Agujeros de gusano para viajar en el tiempo


Los agujeros de gusano conectan dos puntos en el espacio-tiempo, lo que significa que en principio permitirían viajar en el tiempo, así como en el espacio.

Los agujeros de gusano son consistentes con la teoría general de la relatividad, pero queda por ver si realmente existen agujeros de gusano. Muchos científicos postulan que los agujeros de gusano son meramente una proyección de la cuarta dimensión, análoga a cómo un ser en 2D podría experimentar solo una parte de un objeto en 3D.

Un agujero de gusano podría conectar distancias extremadamente grandes, como mil millones de años luz o más, distancias cortas, como unos pocos metros, universos diferentes o diferentes puntos en el tiempo.

Una máquina de viaje temporal propuesta que utilice un agujero de gusano funcionaría (hipotéticamente) de la siguiente manera: se crea de alguna manera un agujero de gusano. Un extremo del túnel es acelerado a una velocidad cercana a la de la luz, quizás con una nave espacial avanzada, y entonces se regresa de vuelta al punto de origen. Debido a la dilatación temporal (debido a la velocidad), el extremo acelerado del túnel ha envejecido menos que el extremo estacionario (desde el punto de vista de un observador externo).

Sin embargo, el tiempo se ve diferente a través del túnel que fuera de él: dos relojes sincronizados puestos en cada extremo del túnel se mantendrán siempre sincronizados (desde el punto de vista de un observador dentro del túnel), sin importar la diferencia de velocidad constante.

Esto significa que un observador que entrara al extremo acelerado, saldría por el extremo estacionario cuando el extremo estacionario tenía la misma edad que el extremo acelerado en el momento antes de entrar.
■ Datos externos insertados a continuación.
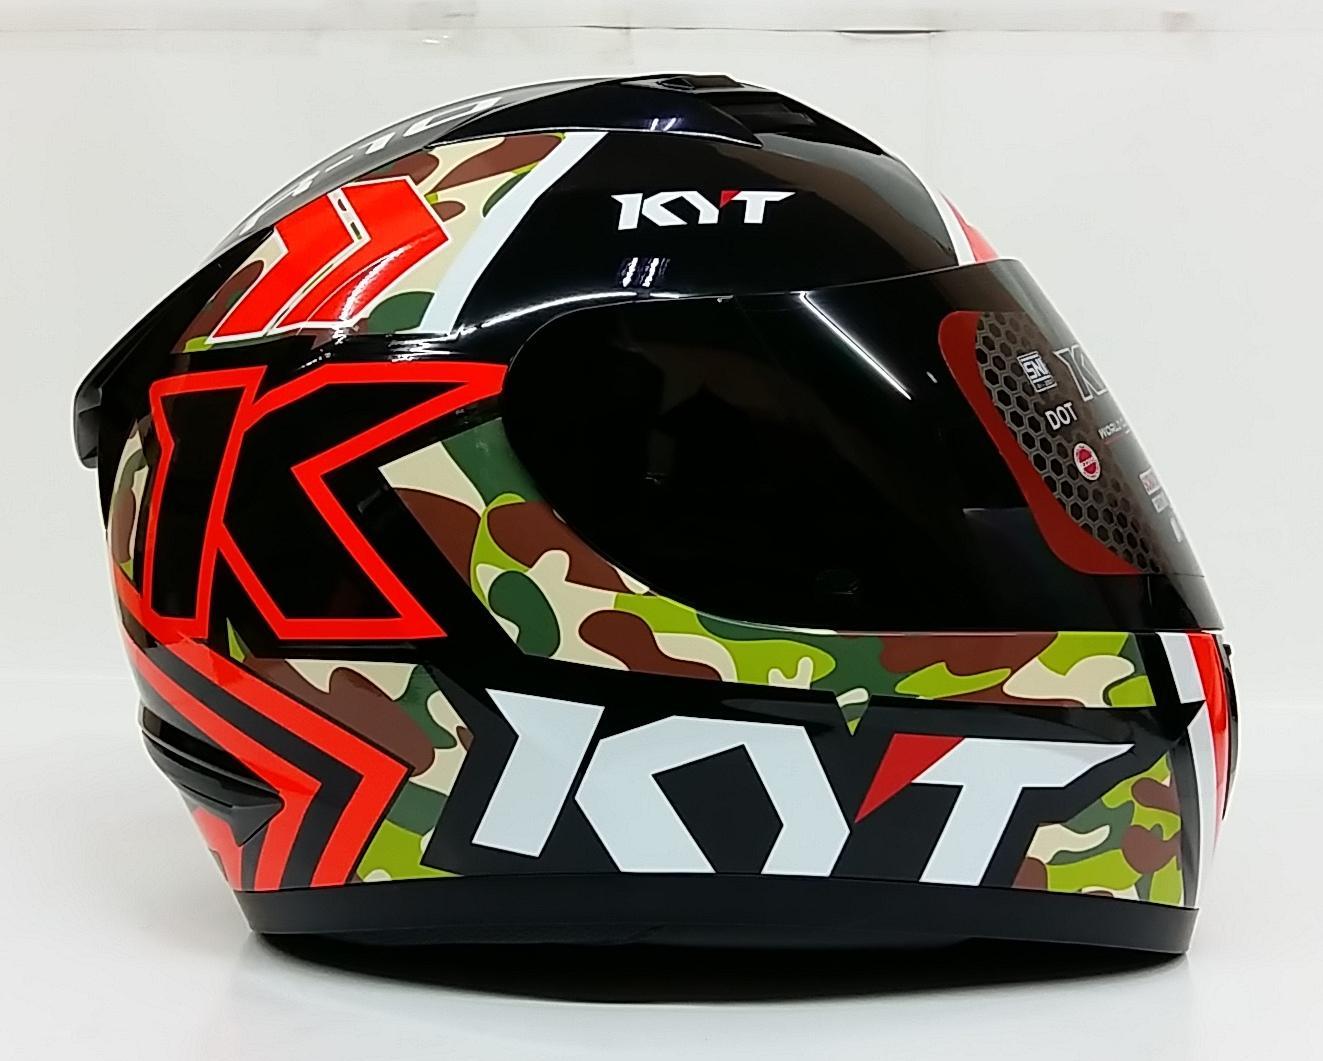 Gambar Produk Rinci KYT R10 #1 Helm Full Face - Bk Red Fluo Terkini
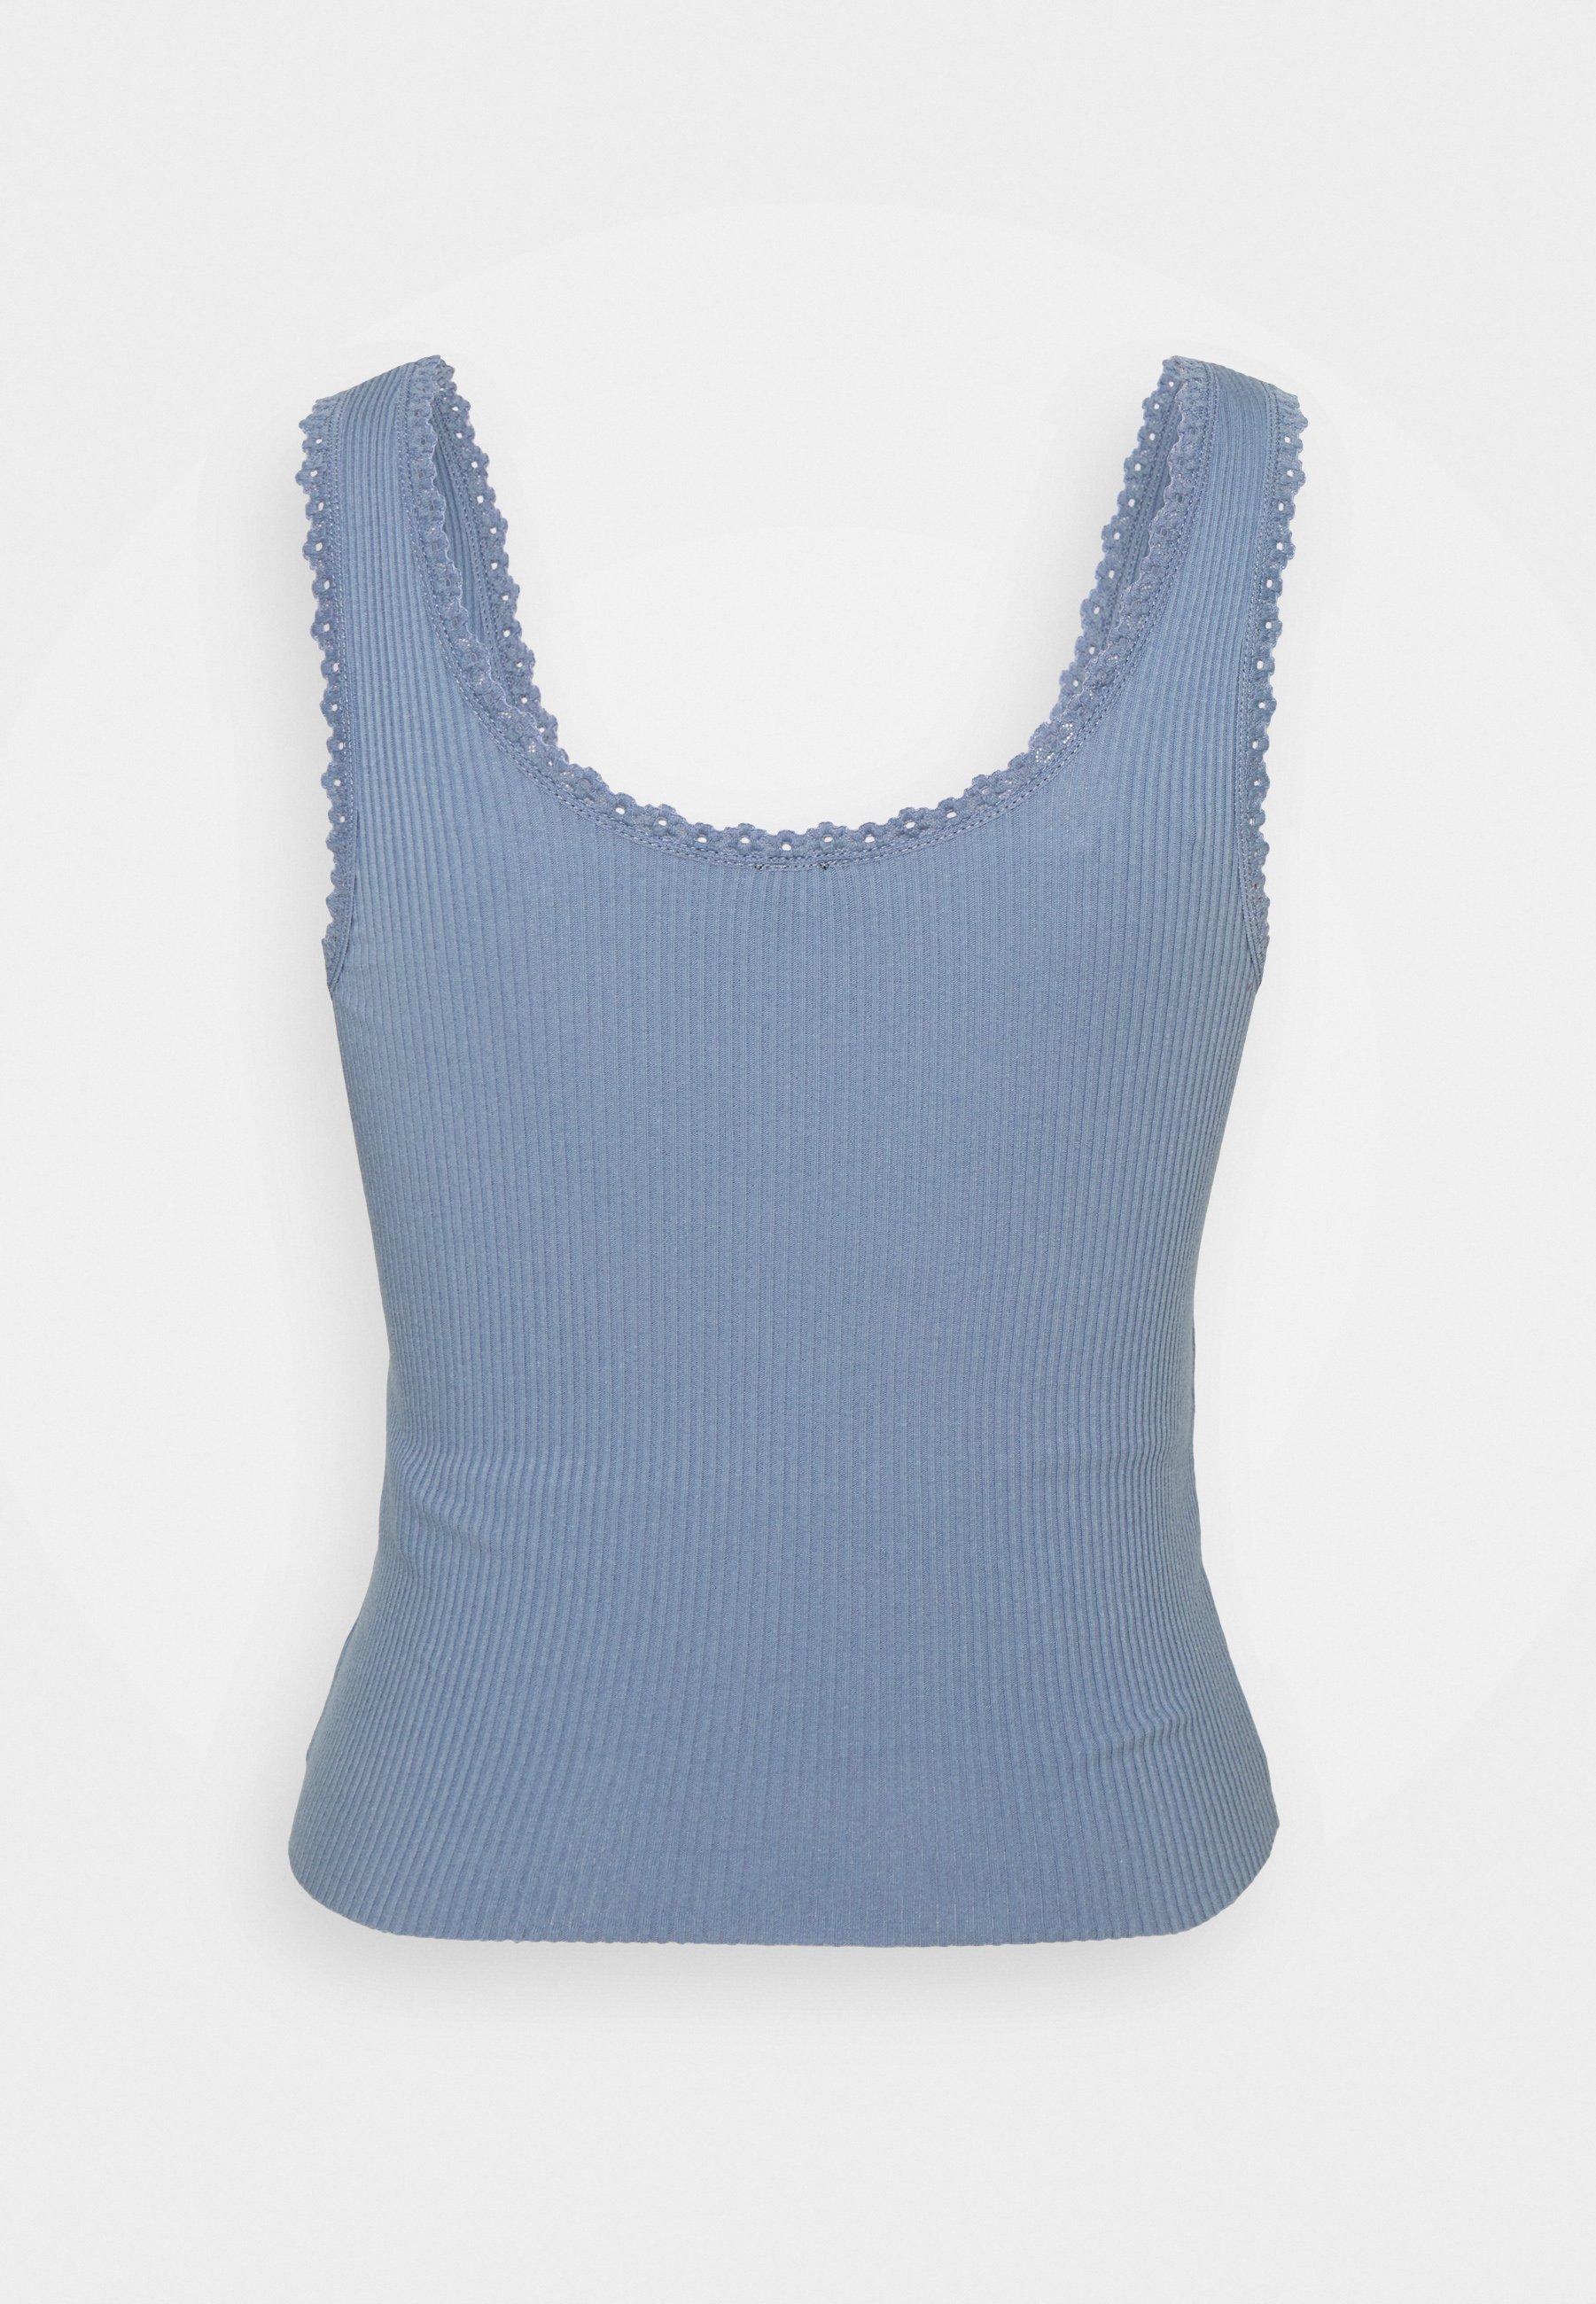 Bdg Urban Outfitters Picot Trim Vest - Topper Blue/blå

Por ejemplo, si antes de entrar al agujero de gusano el observador notó que el reloj en el extremo acelerado mostraba 1980 mientras que el reloj en el extremo estacionario ya decía 1970 entonces el observador podría salir por el extremo estacionario cuando el reloj estacionario todavía decía 1960.

Una limitación significativa de tal máquina es que sólo es posible viajar hacia el pasado en el punto inicial cuando fue creada la máquina; en esencia, se considera más como un pasaje a través del tiempo que un dispositivo que se mueve a través del tiempo: no permite que la propia tecnología en sí misma viaje a través del tiempo.

Esto puede permitir una explicación alternativa a la paradoja de Hawking: algún día se podrá construir una de estas máquinas al pasado, pero todavía no han sido construidas, por lo que los turistas temporales nunca podrán llegar a nuestro presente.

Crear un agujero de gusano de un tamaño apropiado para una nave macroscópica, mantenerlo estable y mover uno de sus extremos con la nave requeriría un nivel significativo de energía en un orden mucho mayor que la cantidad de energía que un sol como el nuestro puede generar en todo su periodo de vida. La creación de un agujero de gusano también requeriría la existencia de una sustancia llamada “materia exótica”, que —aun cuando no es imposible— no se sabe si existe en formas útiles para la generación de un agujero de gusano.

Por lo tanto es inverosímil que tal dispositivo sea construido, incluso con tecnología altamente avanzada. Por otra parte, agujeros de gusano microscópicos aún pueden ser útiles para enviar información de regreso al pasado a través del tiempo.

En 1993, Matt Visser argumentó que los dos extremos de un túnel de agujero de gusano con tal diferencia temporal inducida no podrían ser reunidos sin generar un campo cuántico y unos efectos gravitacionales que provocarían que el túnel colapsara o que los dos extremos se repelieran. Debido a esto, los dos extremos no podrían acercarse lo suficiente porque tendría lugar una violación de la causalidad. Sin embargo, en otro artículo de 1997, Visser conjeturó que la compleja configuración de un “anillo Roman” (así nombrado en honor a Tom Roman) de un número N de agujeros de gusano alineados en un polígono simétrico podría actuar como una máquina del tiempo, aunque concluye que esto no sería tanto un defecto en la teoría clásica de la gravedad cuántica, sino más bien la prueba de que es posible violar la causalidad.